Haha helps not viewing it dead tired. Totally see where you were coming from there. It is an interesting point to make, especially given most view the need for IP protection for an individual or firm to extend only within reach of that party. Some are often enforced where common overlap occurs, like I could build surfboards under the name Tide and the soap people can't do jack.

Yet, books long out of circulation and print are still given full protection. If copyright technically allows home movie showing to extend to streaming, why isn't allowing home vcr recordings of tv movie broadcasts extended to downloading online streams given the actual method of data transfer is indistinguishablen from just watching it.
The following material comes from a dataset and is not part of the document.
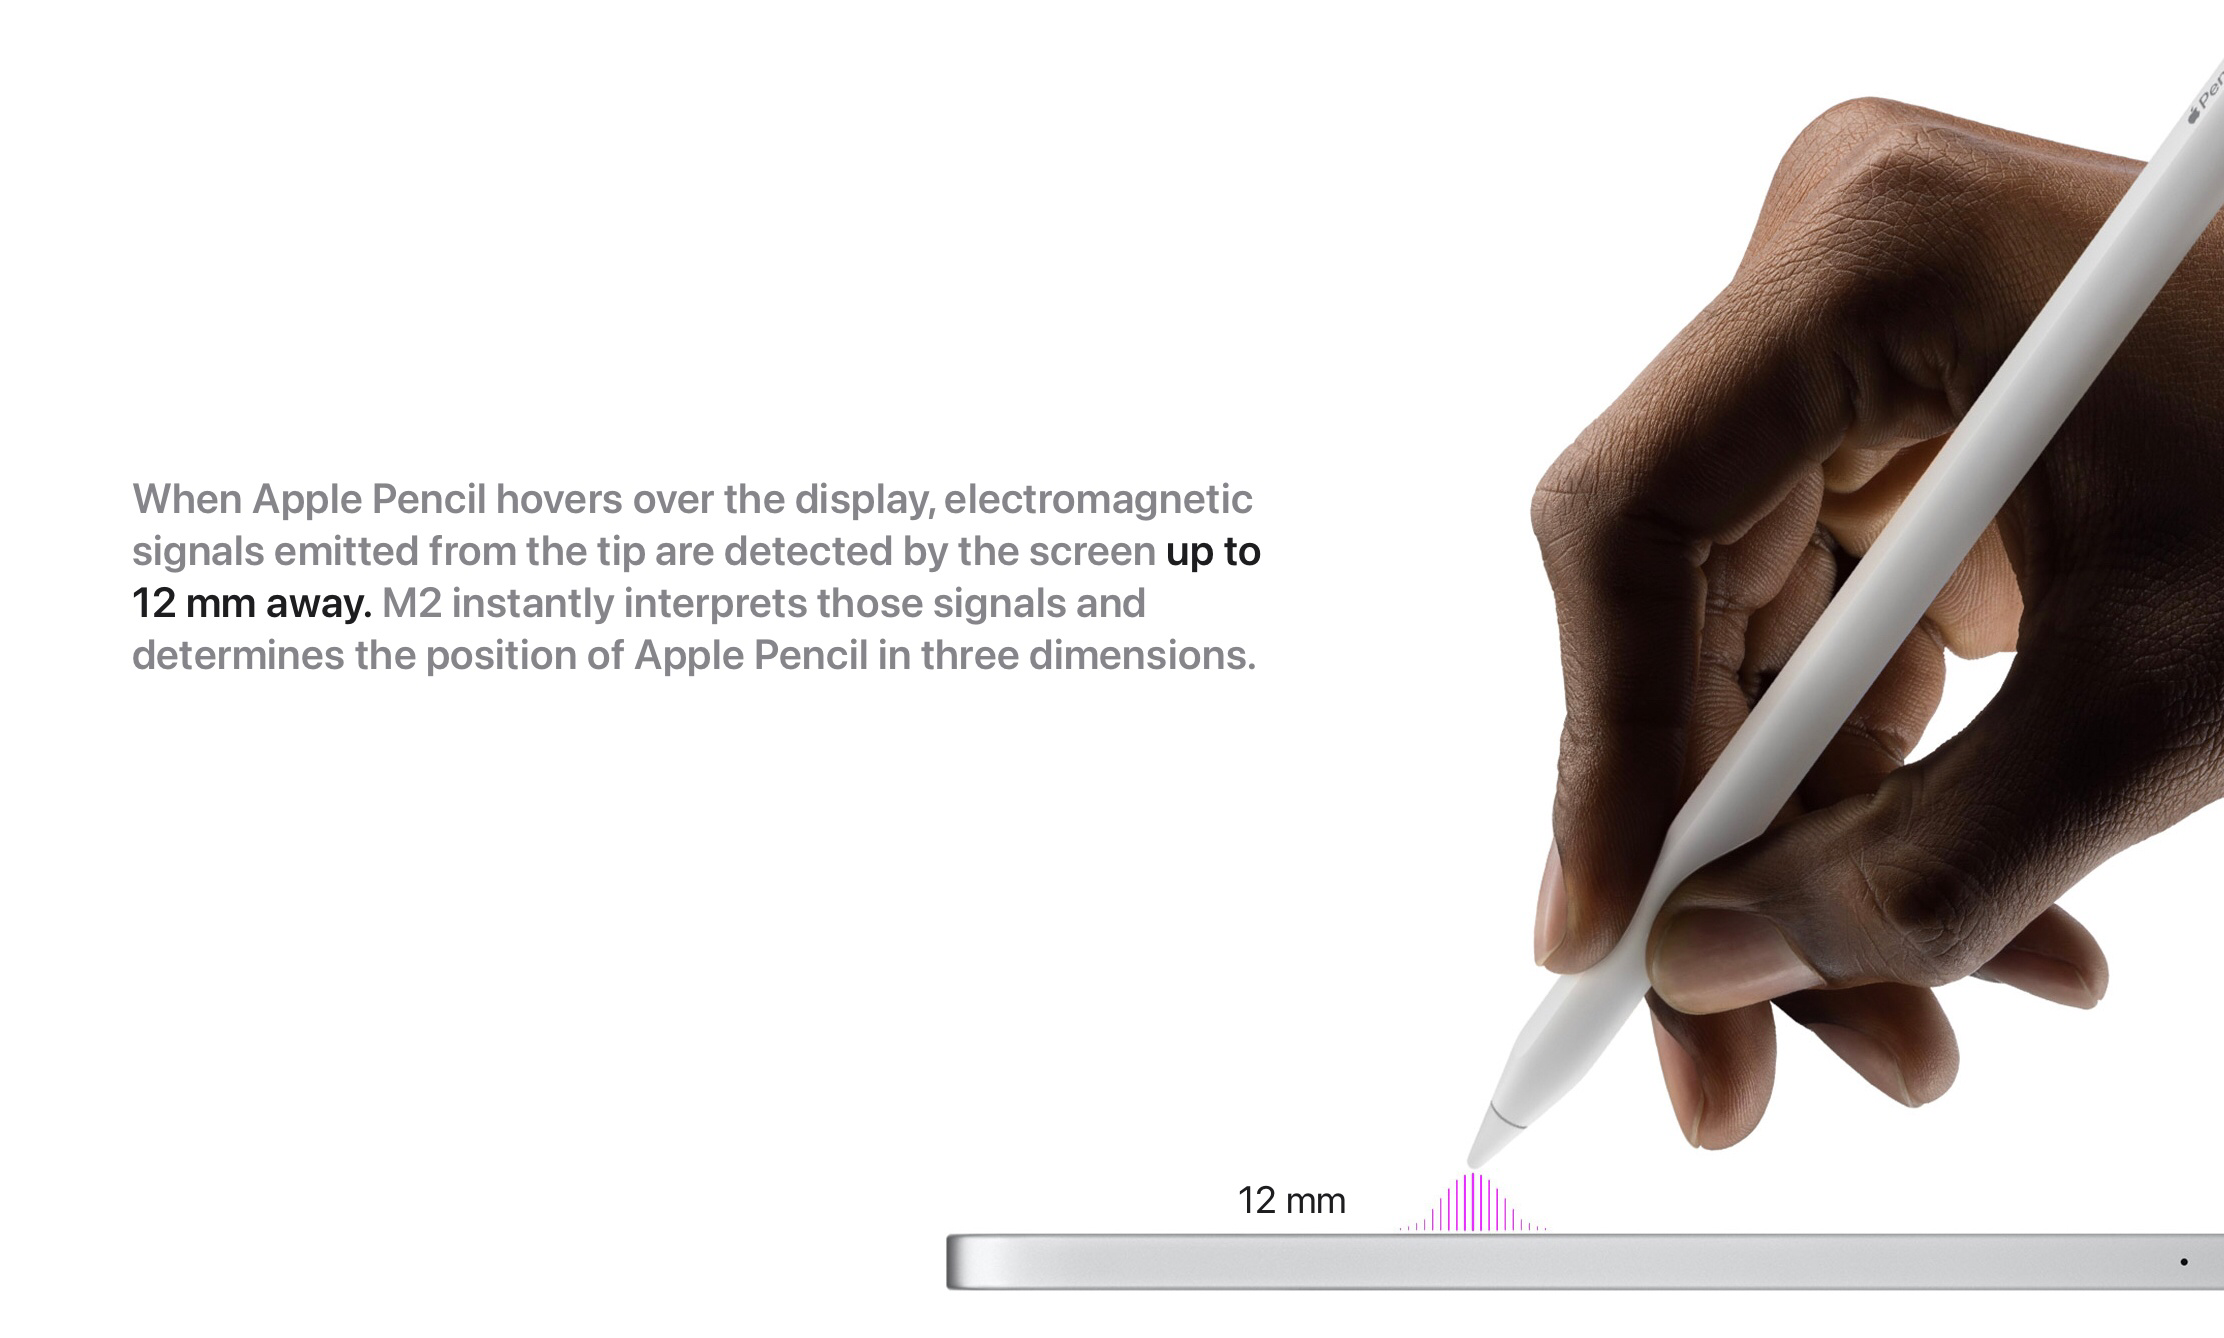 Когда Apple Pencil находится на расстоянии около 12мм от экрана нового iPad Pro, он уже начинает опознавать местность для работы и даже выполняет функции по уточнению или улучшению точности отклика в конкретной области работы карандаша

Shame that general priorities in law and policy are uh, what they are, I honestly would've loved seeing this stuff explored in the courts more, over just giving priority interest to corporations lol.

[–] gegil@sopuli.xyz 1 points 23 hours ago

In my country piracy is technically illegal, but nobody cares and it isnt enforced. I remember earlier this year, government banned some piracy websites not because of piracy, but because they were hosting illegal media. The rest of local and well known piracy sites still freely available for everyone.

Exactly, and I can't even afford to buy everything I want. They were never going to get my money anyway. So it's not a lost sale for them at all, their argument for that is 100% BS.